The local community of Great Guana Cay, which has stayed independent and self-sufficient for over 200 years and has evolved as a community to survive no matter what the external circumstances, now finds that a distant central government wants to take away its liberties and its primary source of employment: tourism.

Everybody who knows Guana Cay knows that the establishment of a California-style cookie-cutter golf course resort on about 2/5's of the island will devastate the tourism that the community relies on. People visit Guana Cay for its beauty, for its quietness, for its disregard of cookie-cutter California trash tourism.


By allowing an American-style development on Great Guana Cay, it's no secret that the community will face severe hardship. Tourists who have been visiting Abaco for years visit Guana for the natural, unspoiled environment and relaxed atmosphere of the village on the island. The Bakers Bay Club may bring in new jobs and some investment into the Bahamas economy; but it negatively impacts the economy of the people who settled and live on Guana itself, and offers no economic benefit to them whatsoever.

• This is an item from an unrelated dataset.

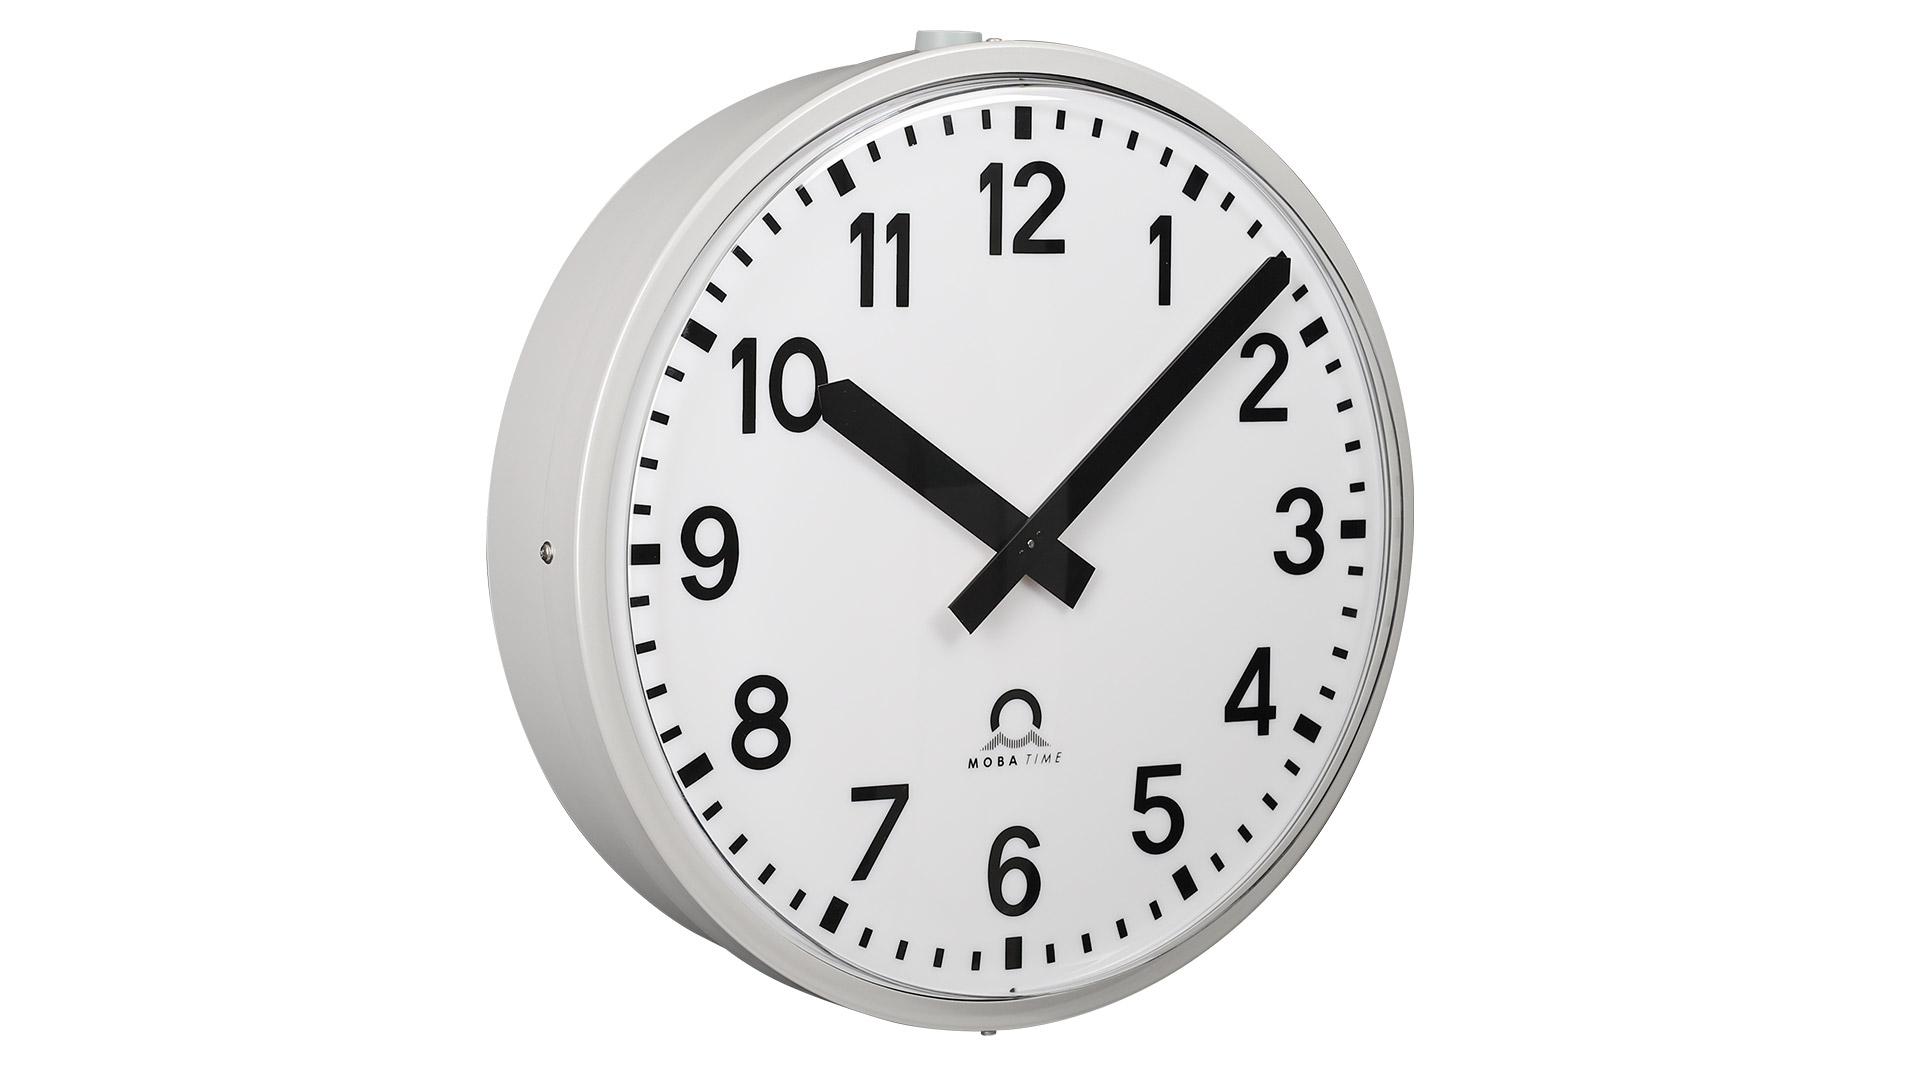 Mobatime metroline outdoor analogue clock, metallic case (Aluminum) side view

It is extremely rare these days for central governments to make decisions directly affecting locals without their involvement. But it is happening today in the Bahamas. People are outraged, but they have little voice.

In Harbour Island of Eleuthera, or Bimini, and in the town of Sandy Point: all across the Bahamas, local communities feel as though the government is acting like a shipload of pirates, cutting at their destiny in a risky gamble with Bahamas' future.